No, seriously, I agree - this is a cool place with cool people. (And that's a _real_ compliment, considering it's coming from one of the "babies" of the group!)


----------



## Geezerette (Jan 19, 2015)

I agree too! Nice mix of men & women &  from different parts of the English speaking world. And th mutual respect!


----------



## RadishRose (Jan 19, 2015)

*we rock !!!!!!*


----------



## Cookie (Jan 19, 2015)

Thanks Jim - this place is the best !  Must say I appreciate your comments and opinions.

Yay everyone!


----------



## Denise1952 (Jan 19, 2015)

AZ Jim said:


> I love this place!!  I love the exchanges we have, the nice stories we share.  It's just a wonderful place for an ole guy to go and be with people who have much in common with me.  When we are out in the world too often when we are older people tend to discount us, look right through us as though we don't count.  This has become my place to stretch out and enjoy with you guys.  Thanks so much for providing this for us all.



Ditto on that Jim, it has been a lifesaver for the time I haven't been able to get out, but now that I feel a real connection with many, I hope to remain a part of it  Glad you are here, and I'm glad I am too


----------



## Josiah (Jan 19, 2015)

What a nice posting Jim and what a nice thread it has turned into. Even though I agree with you on politics, I'll be happy to stand along side rkunsaw and agree that this forum is a great place to hang out.


----------



## Pappy (Jan 19, 2015)

Second, third and fourth all the above. I've had a great time and the administrators are the best.


----------



## Ameriscot (Jan 19, 2015)

Thanks, Jim. I agree!


----------



## SeaBreeze (Jan 19, 2015)

I agree, that's why I've made this place my home for so long.  I learn things, hear other's opinions, feel the sincerity and compassion of all the folks here, shed an occasional tear, see some beautiful photos,  and get my daily dose of smiles...doesn't get any better than that for me!  You guys are the best!


----------



## Steve (Jan 19, 2015)

Awe.... Shucks..... Jim.....
I agree with you.... Cool place to be a member..

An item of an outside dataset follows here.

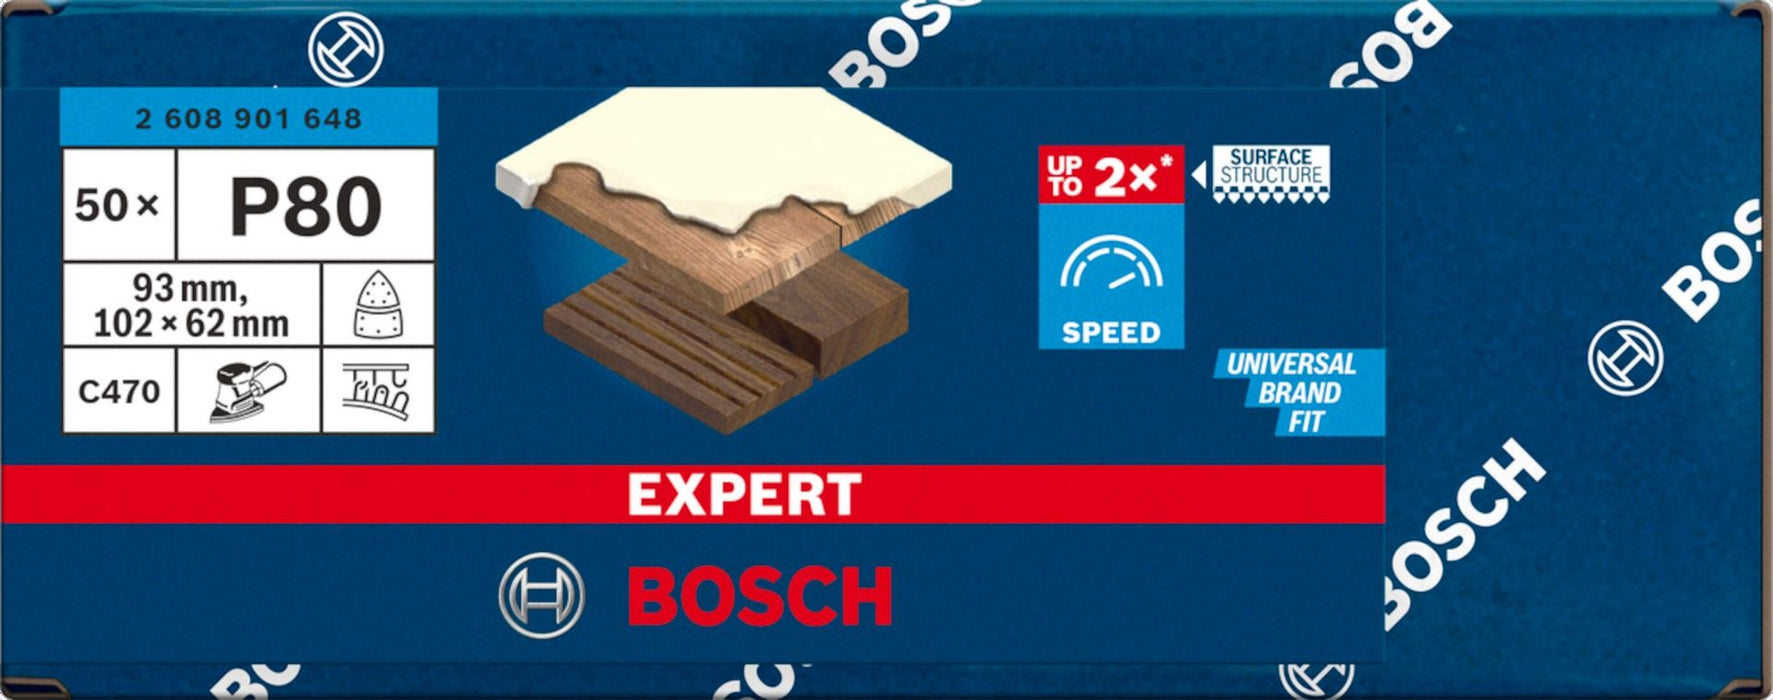 Bosch EXPERT list C470, 102x62/93 mm granulacija 80; pakovanje od 50 komada (2608901648)

Complete respect is correct....

perhaps I should post on here more often and get involved in some topics of interest...

Did someone mention elections ???
*
JIM  FOR  PRESIDENT  !!!!!*


----------



## Kadee (Jan 19, 2015)

Thanks Jim I also agree, not into politics but we can choose what,we wish to be involved in and when. Previous forums I was involved with had a bit of a clicky attitude to new chooks in the chookhouse as I put it but have found everyone friendly here. 
That forum is no longer in existence.
When I first signed up back in November I thought to myself oh I may or may not 'stay' but I'm very happy I found you all out there all over the world, we all have our ways and opinions but it would be a boring ole world if we all thinked the same and liked all the same things. We can learn something everyday by reading members posts we are never too old to learn somthing new.i partically like the games at times I have to look up an answer as this poor ole brain can only remember so much but it's FUN and it's members contributions who make it FUN and put a smile on the face


----------



## Laurie (Jan 20, 2015)

I'm not an older person.

I'm a tribal elder, with a lot of experience to offer.

If the youngsters don't want to hear it, that's their problem.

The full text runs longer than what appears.